General characteristics
- Class & type: Casco-class monitor
- Displacement: 1,175 long tons (1,194 t)
- Length: 225 ft (69 m)
- Beam: 45 ft (14 m)
- Draft: 9 ft (2.7 m)
- Propulsion: Screw steamer
- Speed: 9 knots (10 mph; 17 km/h)
- Complement: 69 officers and enlisted
- Armament: 2 × guns of unknown type
- Armor: Turret: 8 in (200 mm); Pilothouse: 10 in (250 mm); Hull: 3 in (76 mm); Deck: 3 in (76 mm);

= USS Shawnee =

USS Shawnee was a single-turreted, twin-screw monitor built by Curtis & Tilden, Boston, Massachusetts, United States. It was delivered 22 July 1865, and commissioned 18 August 1865.

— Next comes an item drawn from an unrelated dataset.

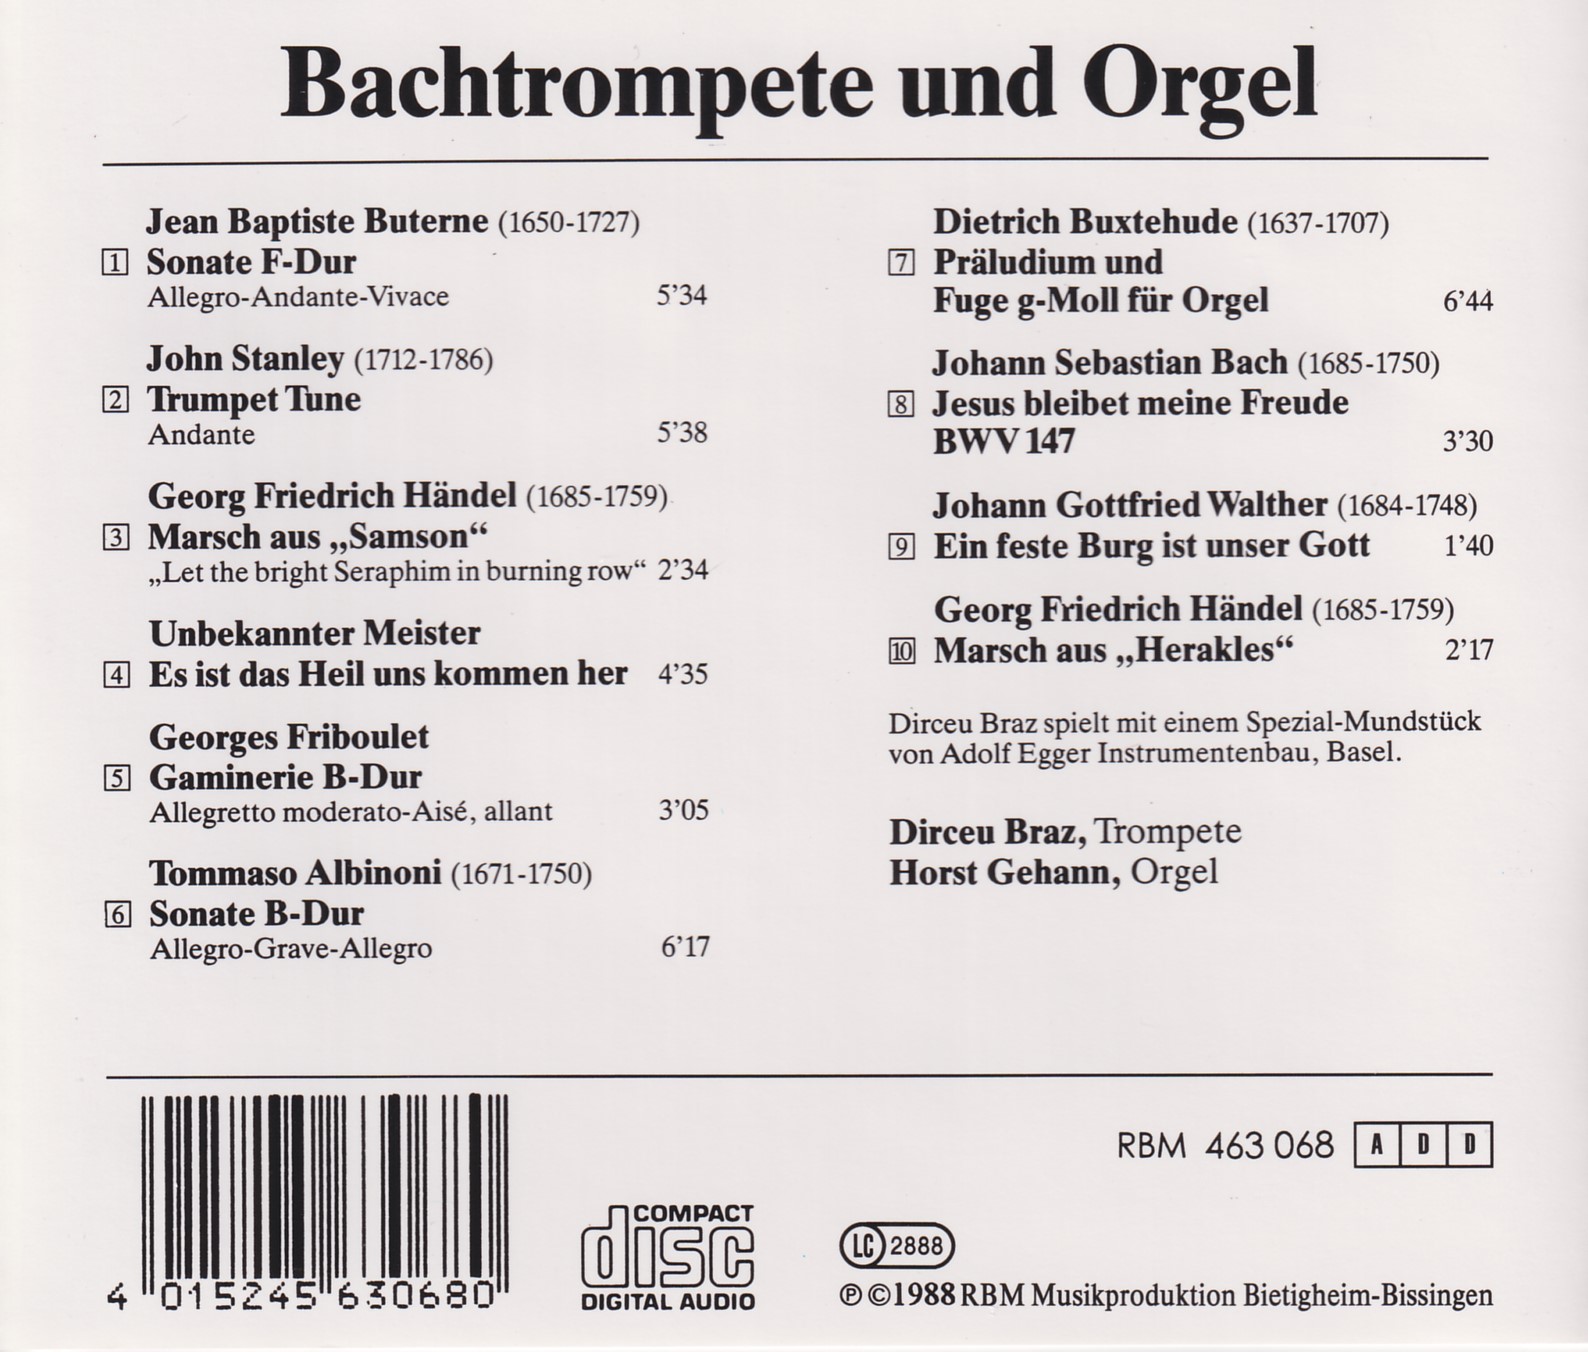 Bachtrompete und Orgel II - Dirceu Braz

Shawnee was a Casco-class, light-draft monitor intended for service in the shallow bays, rivers, and inlets of the Confederacy. These warships sacrificed armor plate for a shallow draft and were fitted with a ballast compartment designed to lower them in the water during battle.

==Design revisions==

Though the original designs for the Casco-class monitors were drawn by John Ericsson, the final revision was created by Chief Engineer Alban C. Stimers following Rear Admiral Samuel F. Du Pont's failed bombardment of Fort Sumter in 1863. By the time that the plans were put before the Monitor Board in New York City, Ericsson and Simers had a poor relationship, and Chief of the Bureau of Construction and Repair John Lenthall had little connection to the board. This resulted in the plans being approved and 20 vessels ordered without serious scrutiny of the new design. $14 million US was allocated for the construction of these vessels. It was discovered that Stimers had failed to compensate for the armor his revisions added to the original plan and this resulted in excessive stress on the wooden hull frames and a freeboard of only 3 inches. Stimers was removed from the control of the project and Ericsson was called in to undo the damage. He was forced to raise the hulls of the monitors under construction by 22 inches to make them seaworthy.

==Fate==

Therefore, the Navy Department ordered on 10 November 1865 that Shawnee to be laid up in ordinary at the Boston Navy Yard. In June 1869, she was renamed Eolus, but regained her original name less than two months later. Shawnee was sold for scrap on 9 September 1875.